Friday, 8 February 2013

Disappearing Acts

Sometimes ideas for lists must seem good until you try to populate them.  Take Rolling Stone’s 13 Rock Stars Who Disappeared list, for example.

Not all rock stars burn out.  Some fade away.  Some gracefully withdraw.  And when they command our attention for so long, we do want to know what happened.  So cool idea.

Then Rolling Stone tries to add an additional twist by measuring people against the (Syd) “Barret Scale”, using him as the benchmark for rock star dropout reclusive weirdness.

Cool idea, but it weakens the argument for including many names on the list.  The article admits that Fats Domino is “more retired than reclusive.”  After making a big deal of what sounds like the mysterious departure of David Bowie, it then admits “it's hard to be a true recluse while you're posing for red carpet photos with your supermodel spouse.”  OK then.

Billy Joel, Grace Slick, The Everly Brothers  -  these people are retired.  John Deacon knew that Queen died with Freddie, so he is smart.  John Frusciante definitely registers on the “Barrett Scale,” but not many of the other names do.  If they really wanted to use this “Barrett Scale,” why didn’t they include Peter Green?  He’s been lurking in the shadows so long the scale could be named after him!
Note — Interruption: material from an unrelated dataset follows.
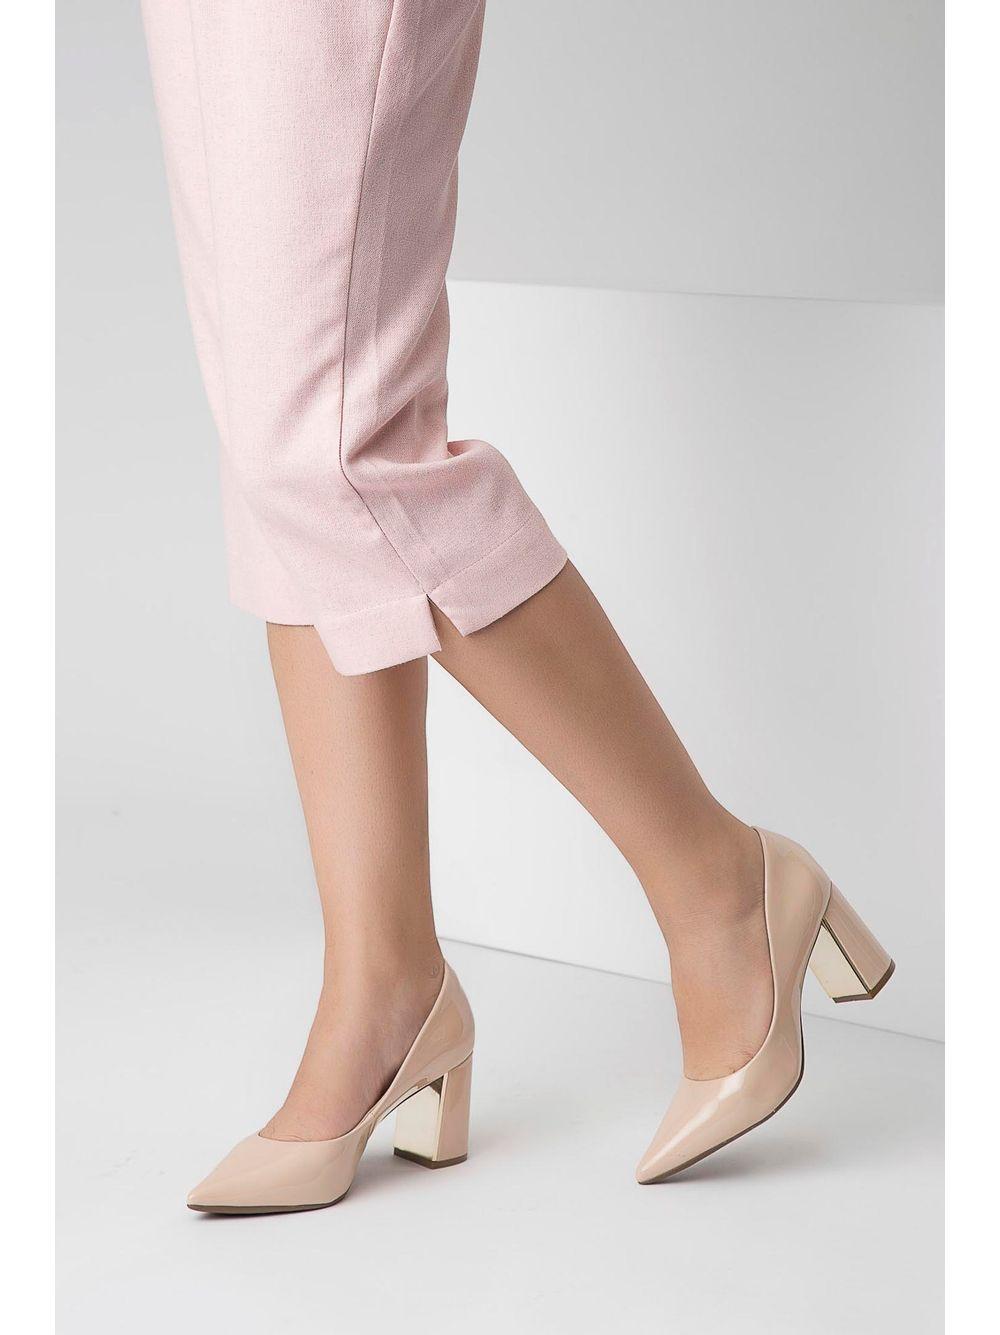 9b55dac287 Sapato Bebecê Verniz Salto Grosso Metalizado Nude - pittol
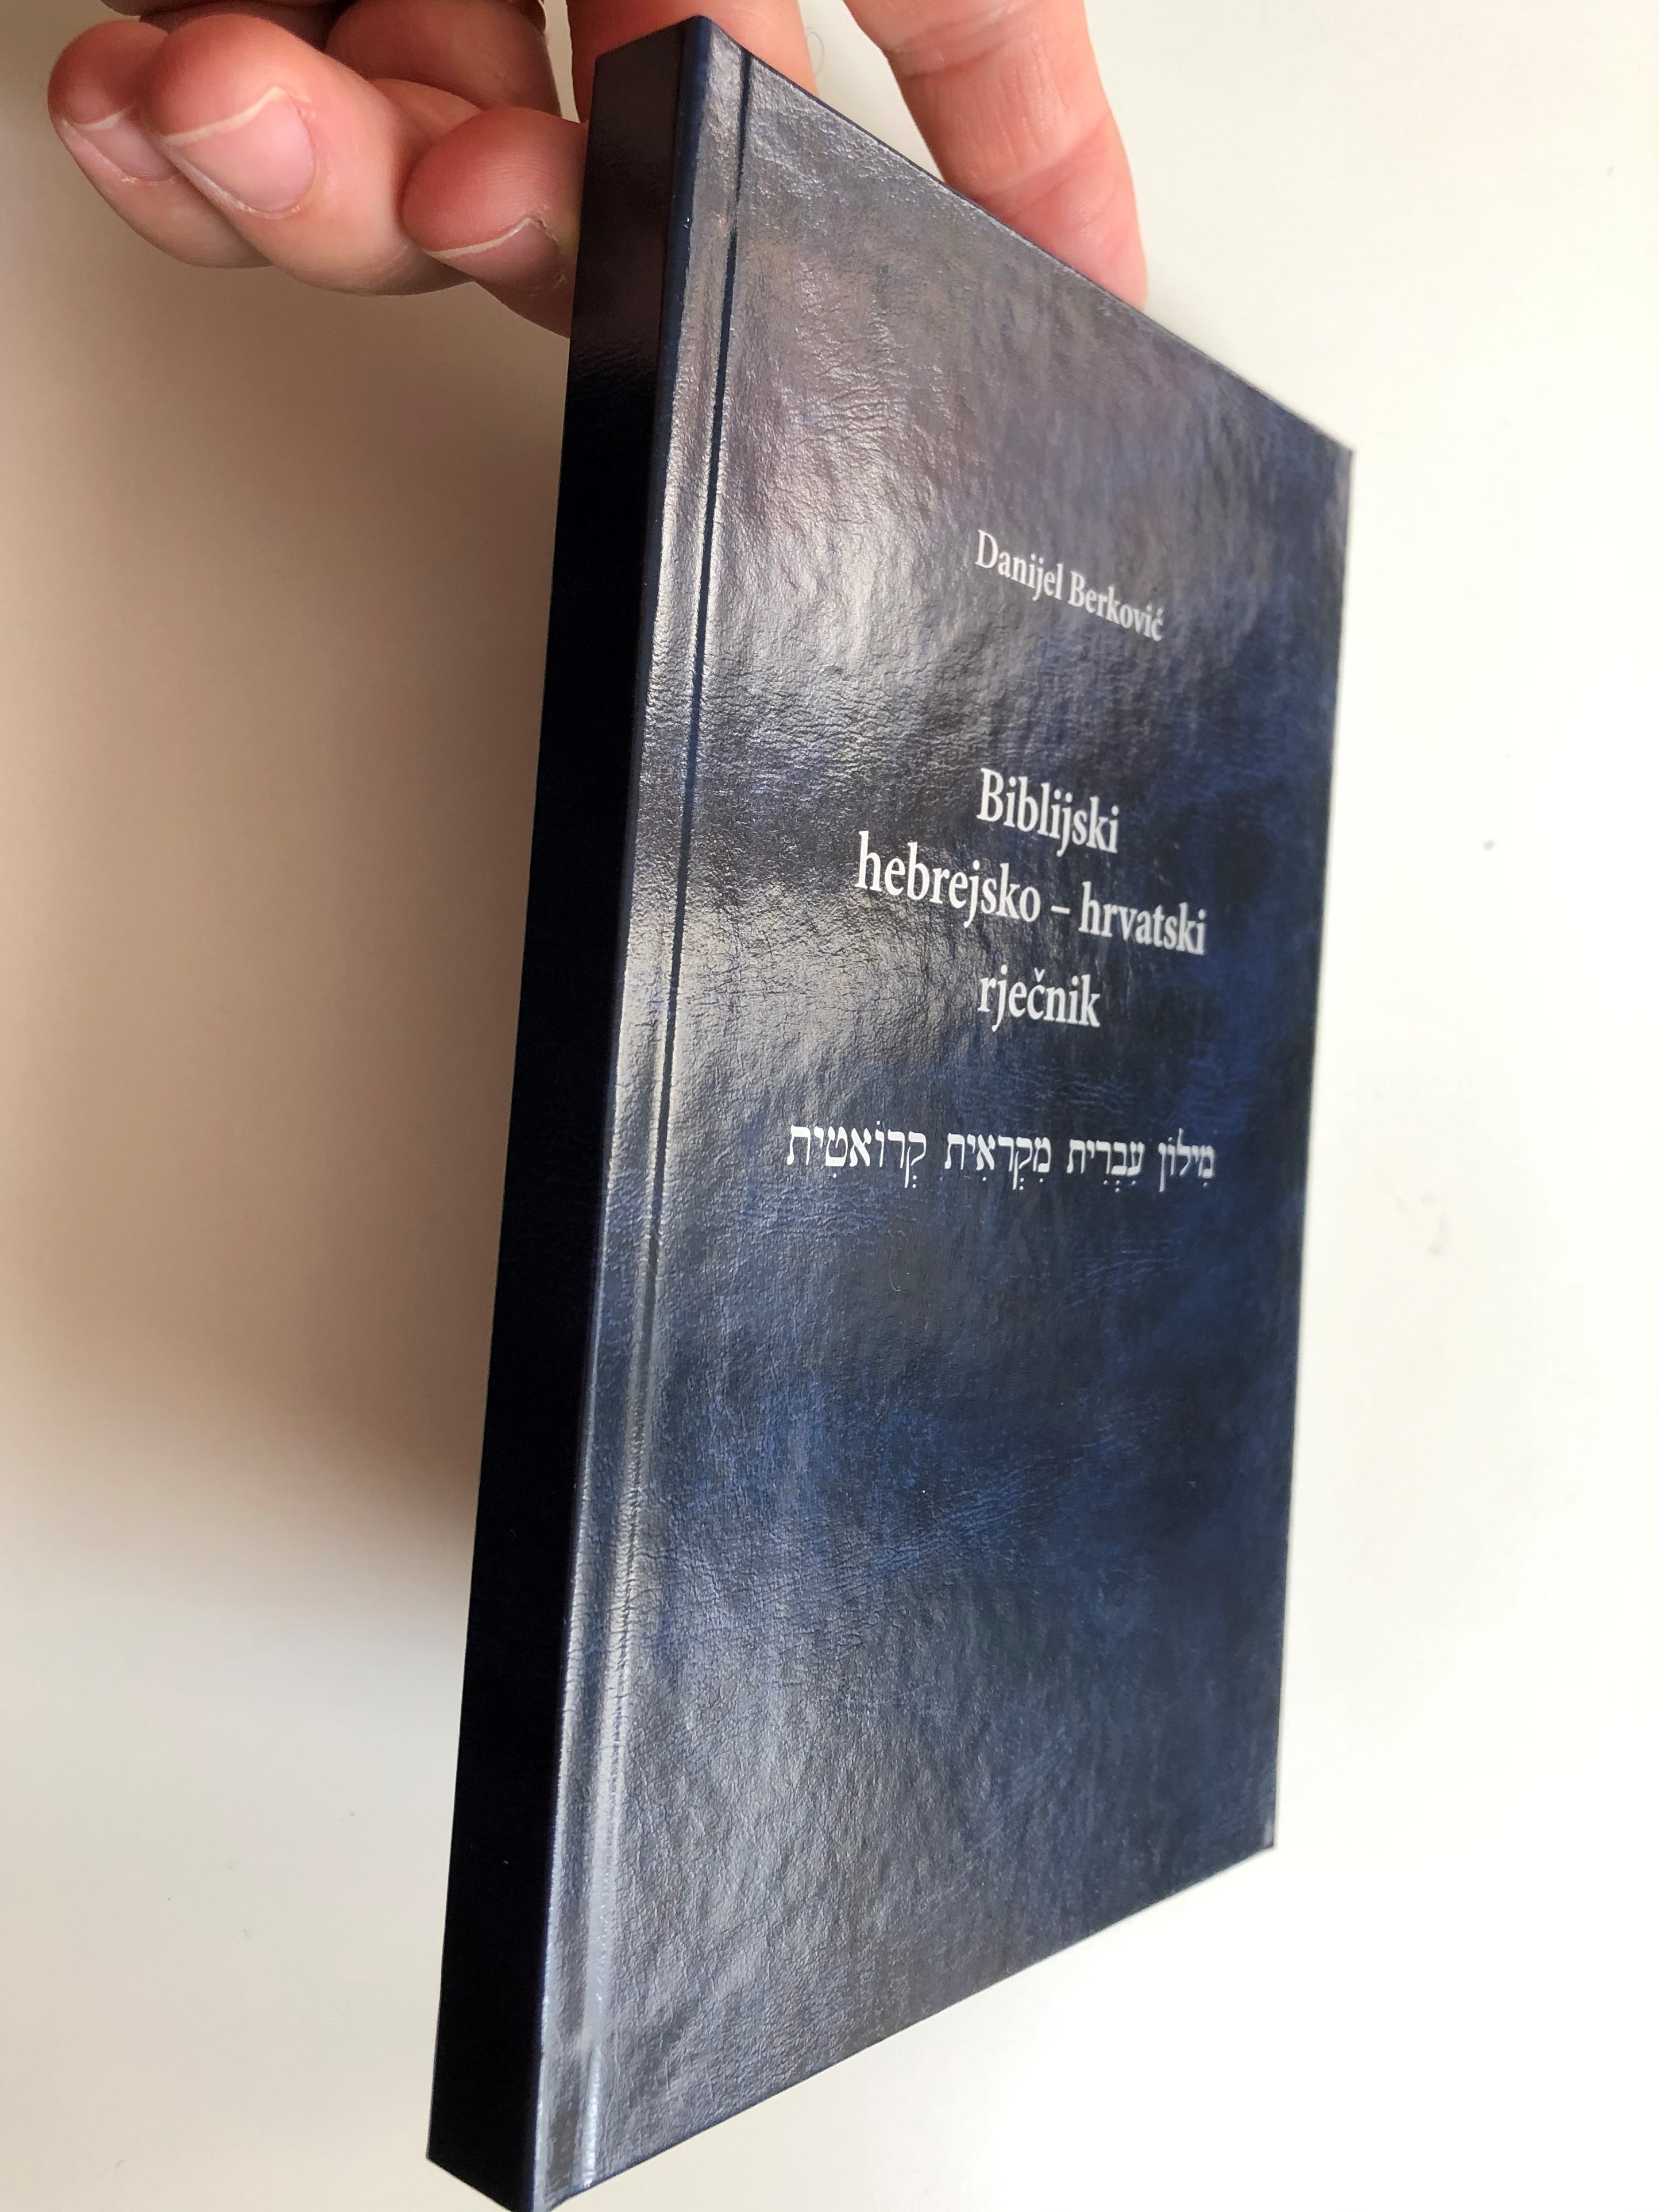 biblijski-hebrejsko-hrvatski-rje-nik-by-danijel-berkovi-2.jpg

But Joni Mitchell?  She’s always done her own thing.   Sly Stone?  Maybe he sensed he had overstayed his welcome, or used up more than his fair share of public consciousness.

An interesting variation on the list might have been rock stars that walked away while on top:  Little Richard, Conway Twitty, Dave Clark, Linda Ronstadt.  Barrett, Green and Frusciante definitely belong on that list.

Postscript: since the list came out, Bowie actually released a new single and announced a new album.  Not terribly reclusive, then, is it?